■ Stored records
----

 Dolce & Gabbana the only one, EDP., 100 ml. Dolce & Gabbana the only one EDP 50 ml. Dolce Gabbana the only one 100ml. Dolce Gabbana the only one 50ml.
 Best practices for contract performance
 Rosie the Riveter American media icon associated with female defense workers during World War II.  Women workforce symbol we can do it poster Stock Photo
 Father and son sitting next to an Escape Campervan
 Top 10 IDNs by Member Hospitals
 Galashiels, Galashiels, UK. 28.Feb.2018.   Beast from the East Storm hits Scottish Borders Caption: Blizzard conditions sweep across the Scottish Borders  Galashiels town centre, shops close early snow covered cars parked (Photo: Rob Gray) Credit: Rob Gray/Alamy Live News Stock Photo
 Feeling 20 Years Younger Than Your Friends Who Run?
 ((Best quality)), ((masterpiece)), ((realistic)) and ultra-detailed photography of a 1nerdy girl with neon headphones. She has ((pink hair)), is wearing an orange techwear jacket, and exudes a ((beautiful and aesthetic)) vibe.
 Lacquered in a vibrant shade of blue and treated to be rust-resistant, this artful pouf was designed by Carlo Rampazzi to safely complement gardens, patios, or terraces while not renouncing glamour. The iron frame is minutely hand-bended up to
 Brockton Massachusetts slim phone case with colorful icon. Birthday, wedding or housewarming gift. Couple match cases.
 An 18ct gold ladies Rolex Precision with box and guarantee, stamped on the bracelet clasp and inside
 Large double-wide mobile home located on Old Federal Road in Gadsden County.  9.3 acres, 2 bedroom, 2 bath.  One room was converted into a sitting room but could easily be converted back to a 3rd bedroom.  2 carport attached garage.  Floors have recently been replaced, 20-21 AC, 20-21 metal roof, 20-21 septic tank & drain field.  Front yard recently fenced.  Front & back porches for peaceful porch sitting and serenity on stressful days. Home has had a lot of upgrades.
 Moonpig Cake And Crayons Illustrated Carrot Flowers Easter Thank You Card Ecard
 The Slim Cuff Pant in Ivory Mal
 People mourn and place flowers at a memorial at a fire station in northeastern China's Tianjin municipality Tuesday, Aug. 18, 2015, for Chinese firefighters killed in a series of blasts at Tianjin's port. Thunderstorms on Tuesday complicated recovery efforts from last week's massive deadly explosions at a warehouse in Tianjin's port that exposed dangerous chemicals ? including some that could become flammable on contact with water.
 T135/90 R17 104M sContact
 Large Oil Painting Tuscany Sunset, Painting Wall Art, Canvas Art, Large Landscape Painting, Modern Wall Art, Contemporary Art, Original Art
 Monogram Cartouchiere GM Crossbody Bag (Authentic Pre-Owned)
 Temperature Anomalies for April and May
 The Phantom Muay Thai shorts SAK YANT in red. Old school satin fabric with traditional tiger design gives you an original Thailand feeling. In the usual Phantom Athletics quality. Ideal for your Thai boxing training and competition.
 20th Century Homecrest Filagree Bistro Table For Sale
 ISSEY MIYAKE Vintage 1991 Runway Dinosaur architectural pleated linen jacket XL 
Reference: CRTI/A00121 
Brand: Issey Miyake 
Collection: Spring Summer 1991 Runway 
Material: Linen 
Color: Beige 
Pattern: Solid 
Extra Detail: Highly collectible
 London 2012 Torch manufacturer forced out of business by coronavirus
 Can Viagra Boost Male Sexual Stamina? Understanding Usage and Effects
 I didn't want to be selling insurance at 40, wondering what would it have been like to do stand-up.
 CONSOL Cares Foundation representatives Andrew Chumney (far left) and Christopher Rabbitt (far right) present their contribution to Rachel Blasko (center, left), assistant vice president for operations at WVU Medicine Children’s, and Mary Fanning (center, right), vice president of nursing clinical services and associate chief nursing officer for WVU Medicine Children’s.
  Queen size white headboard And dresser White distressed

----

■ To do
Your answer should be each line of the data that contains the word "icon", copied as it stands.

■ Output below
 Rosie the Riveter American media icon associated with female defense workers during World War II.  Women workforce symbol we can do it poster Stock Photo
 Brockton Massachusetts slim phone case with colorful icon. Birthday, wedding or housewarming gift. Couple match cases.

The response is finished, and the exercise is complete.